‘No trace’ of cancer in patient’s body after experimental treatment

Jim McCallum's cancer did not respond well to treatment - until he joined a new trial.

Glasgow and Edinburgh cancer centres will share £4m to develop new treatments Cancer Research UK

A man has been declared cancer-free after undergoing an experimental treatment.

Jim McCallum, 76, from Paisley, was diagnosed with Non-Hodgkin lymphoma in 2017 after going to the doctor and hoping he would be told it was a “harmless lump”.

Mr McCallum’s cancer did not respond well to treatment, but he was able to take part in a trial in 2020.

CAR T-cell therapy at the Glasgow Experimental Cancer Medicine Centre (ECMC) has left “no trace” of the disease in his body.

Mr McCallum told his story as it was announced that the ECMC and a similar centre in Edinburgh were to share around £4m of new funding.

He said: “The day I was told it was cancer shook me to the core.

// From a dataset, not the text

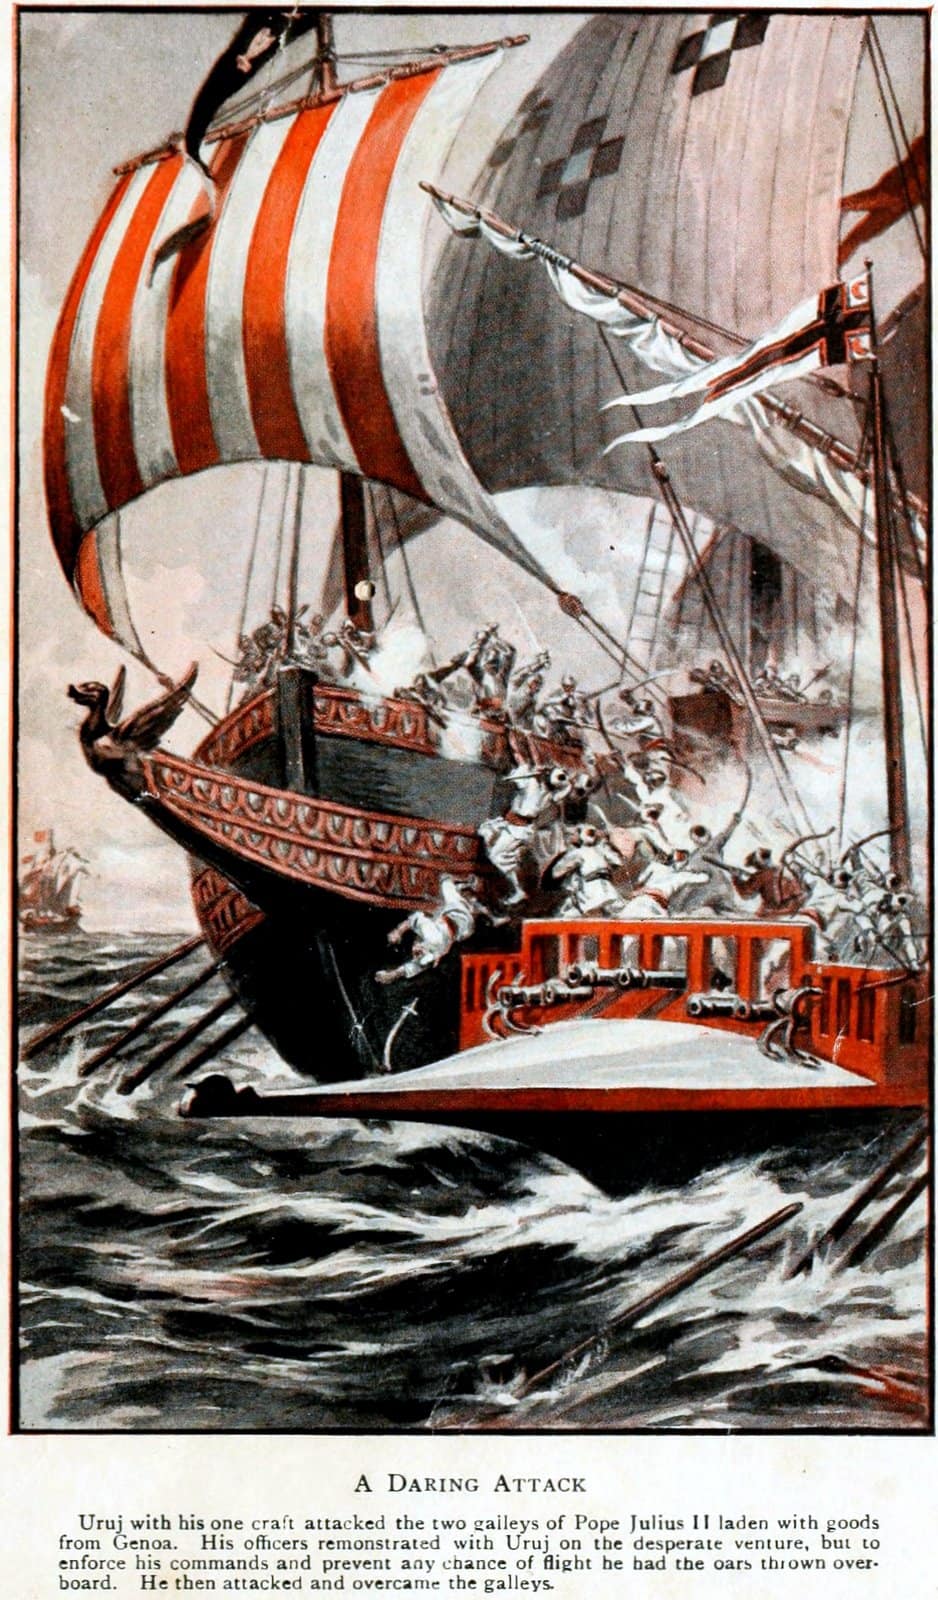 From Daring Deeds of Famous Pirates by Edward Keble Chatterton (published 1917)

I think I had known, but you always hope they tell you it’s just a harmless lump.

“That was the worst day – being told I had cancer.”

In 2018, Mr McCallum went for chemotherapy, but the cancer did not respond well, and he was told it had spread.

“After that first shock of diagnosis, I tried never to get too high about progress or too low about the lack of progress,” he said.

The retired headteacher was keen to take part in a clinical trial involving cells being taken from his bloodstream, left in a lab to multiply and then injected back into him to attack the lymphoma.

Mr McCallum has been routinely monitored for three years and is free of cancer.

“They can’t find any trace of the cancer now,” he said. “I was just so glad they had a treatment I could try and taking part in a trial also has the potential to help others, it’s all about gathering information.

“Cancer is such an insidious disease, you can never be sure where you are with it, and you do start to wonder how many treatment options are left to you.”

The Glasgow centre is now set to receive about £2.2m to help doctors develop new cancer treatments for adults and children.

Meanwhile, Edinburgh’s ECMC will receive about £1.7m in funding over the next five years.

The money comes from Cancer Research UK and the Scottish Government, with the Little Princess Trust providing funding specifically for children’s cancers.

Dr Iain Foulkes, Cancer Research UK executive director of research and innovation, said: “The adult and paediatric ECMC networks will offer clinical trials for many different types of cancer.

“Researchers will be working to find new treatments and tackle the unique challenges presented by cancers in children and young people.”